Why tables (not named lists like ontologyIndex)?
| Our problem | Their problem |
|---|---|
| Definitions change over time | Ontologies are static |
| Need versioning + audit trails | Just hierarchy traversal |
| “Is this definition still valid?” | “Is term A ancestor of B?” |
| Scale unknown (could be enterprise) | Fits in memory |
Tables give us: - Natural versioning (just add rows) - SQL evaluation (definitions are SQL) - Integration with data lakes (csolake) - Audit queries for free
Why S3 accessors on top?
Interactive R users expect ont$concepts$foo, not ont_get_concept(con, "foo").

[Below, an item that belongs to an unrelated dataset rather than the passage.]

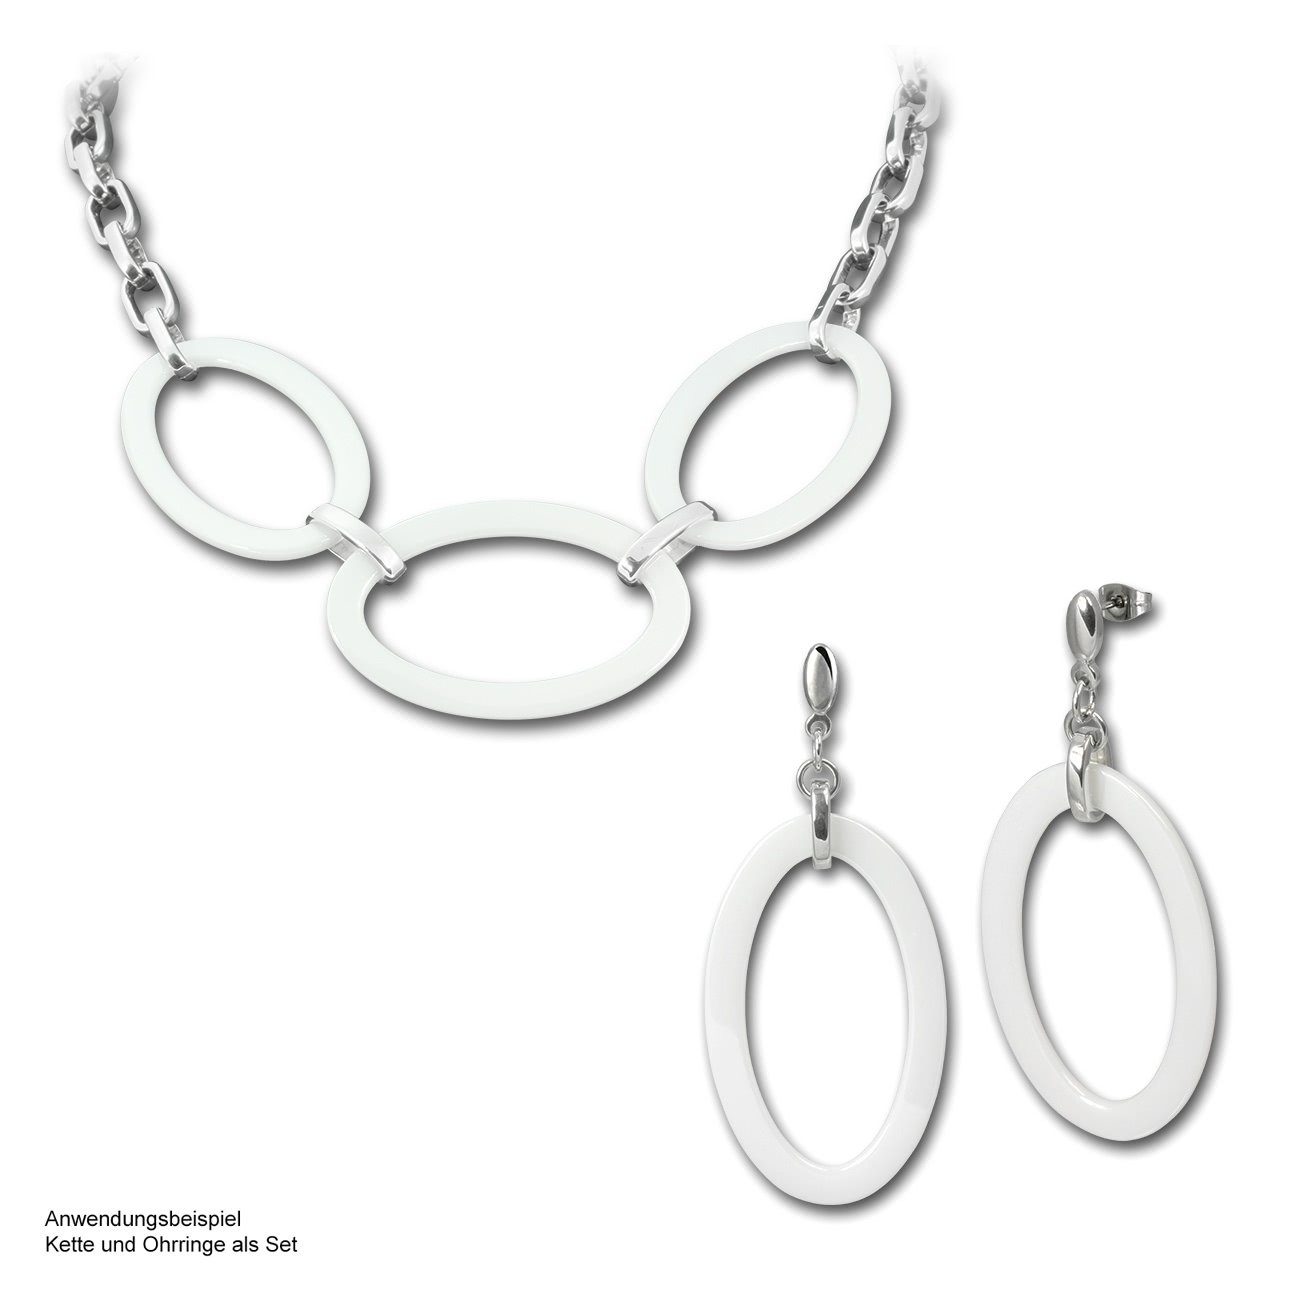 Halskette Steel) Halsketten weiß Edelstahl (Big Amello Big Oval) (Halskette), silber Amello aus Edelstahlkette Oval (Stainless Damen

The hybrid approach: - Database = source of truth - S3 objects = cached views with nice printing - Both APIs use the same tables
When to use which
| Situation | Recommendation |
|---|---|
| Interactive exploration | ont <- ontology(); ont$concepts |
| Scripts and packages | ont_connect(); ont_evaluate(...) |
| Building pipelines | Function-based (explicit control) |
| Teaching / demos | Object-based (less boilerplate) |
Related Work
Comparison with ontologyIndex
ontologyIndex is excellent for bio-ontologies (HPO, GO). Here’s how we differ:
# ontologyIndex: static hierarchy from OBO file
data(hpo)
hpo$name[["HP:0001250"]] # "Seizure"
get_ancestors(hpo, "HP:0001250") # Returns parent terms
# ontologyR: versioned definitions with governance
ont <- ontology("metrics.duckdb")
ont$concepts$ready_for_discharge$flow[[1]]$sql_expr # "NOT planned_intervention"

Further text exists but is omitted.